Clinton backs Internet freedom

In the wake of historic protests in Egypt spurred by the use of social media, Secretary of State Hillary Clinton came out in strong support of Internet freedom at a speech in the Jack Morton Auditorium Tuesday.

Clinton commended Egyptians and journalists who took to Facebook and Twitter to organize protests and share stories from Cairo before the government shut down Internet access.

Clinton said the protests in Egypt – which ended last week with former President Hosni Mubarak’s resignation – paralleled those in Iran almost 2 years ago, when Iranians flooded the streets and posted on Twitter in opposition to President Mahmoud Ahmadinejad’s re-election.

“What happened in Egypt and what happened in Iran, which this week is once again using violence against protesters seeking basic freedoms, was about a great deal more than the Internet,” Clinton said. “In each case people protested because of deep frustrations with the political and economic division of their lives.”

Clinton said the authorities blocked and arrested protesters, who marched and chanted through the streets.

“The Internet did not do any of those things,” Clinton said. “People did.”

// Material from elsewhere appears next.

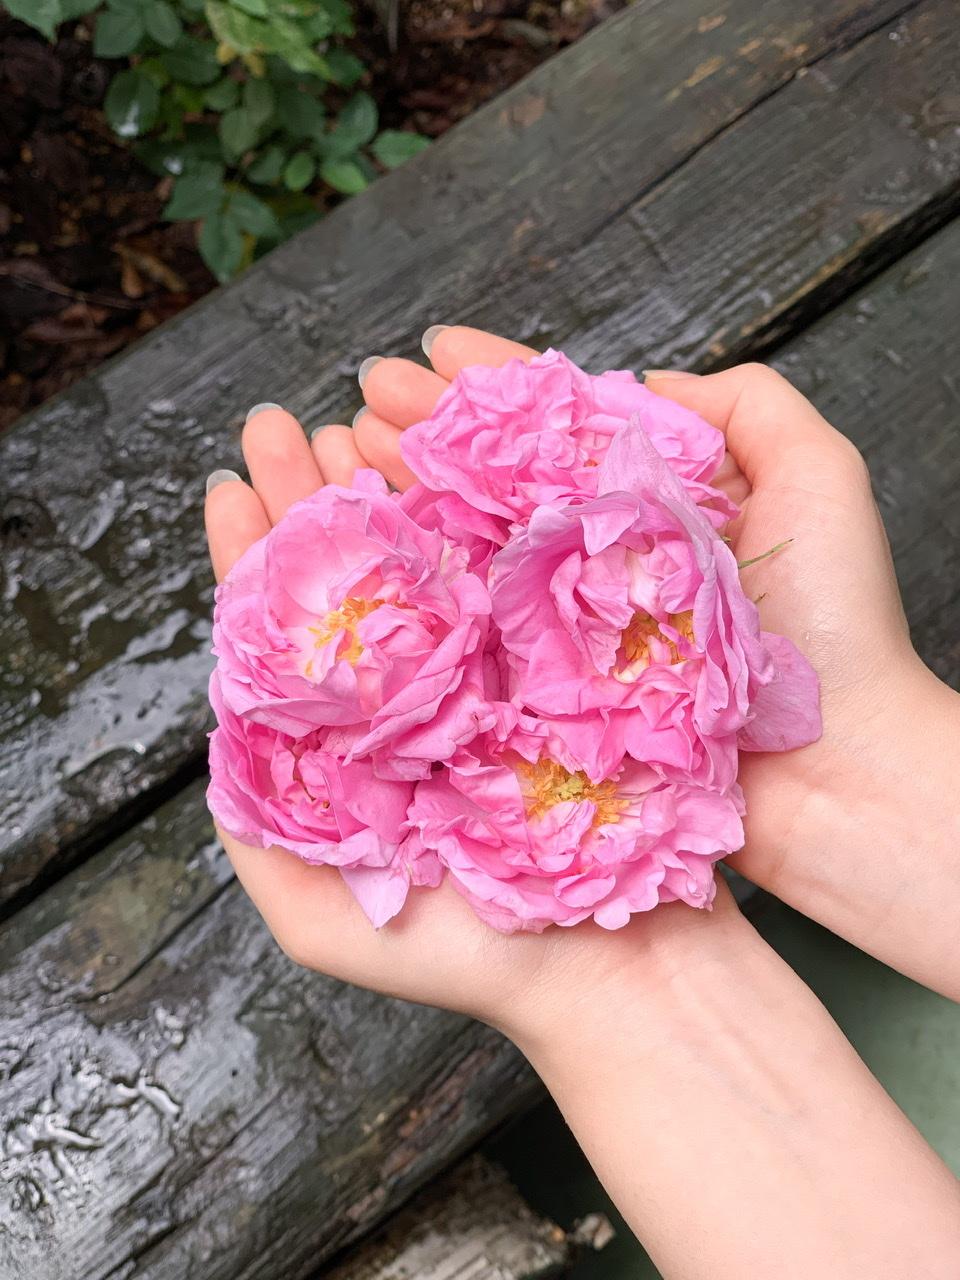 薔薇仕事④ 岩手県久慈市のダマスクローズ_e0404027_06463050.jpeg

Urging countries, including China, Cuba and Iran, to lessen Internet restrictions for their citizens, Clinton acknowledged the challenges that can arise between achieving both online liberty and security in the modern era.

Terrorists and extremist groups use the Internet to recruit, child pornographers use it to exploit children and hackers use it to target financial institutions, she said.

“We need successful strategies for combating these threats without constricting the openness that’s the Internet’s greatest attribute,” Clinton said.

Saying that much of the value of the Internet comes from its role in the marketplace of ideas, Clinton said the Internet should be used as a discussion tool to combat intolerance, rather than to censor ideas completely.

“The better answer to offensive speech is more speech,” Clinton said. “Deleting writing, blocking content – these actions suppress words but do not touch the underlying ideas.”

Speaking on transparency, Clinton addressed WikiLeaks, the website that has released thousands of classified diplomatic cables. She disputed the notion that the government has a responsibility to conduct all of its work in full view of its citizens.

“The United States could neither provide for citizen security nor promote the cause of democracy around the world if we had to make public every step of our efforts,” Clinton said.

Clinton’s speech was punctuated once at the beginning when an unidentified elderly man wearing a “Veterans for Peace” T-shirt stood up in the middle of the crowd to turn his back on her, standing silently and staring at the back of the auditorium for several minutes. After not responding when a security officer asked him to sit down, two officers dragged him shouting out of the auditorium.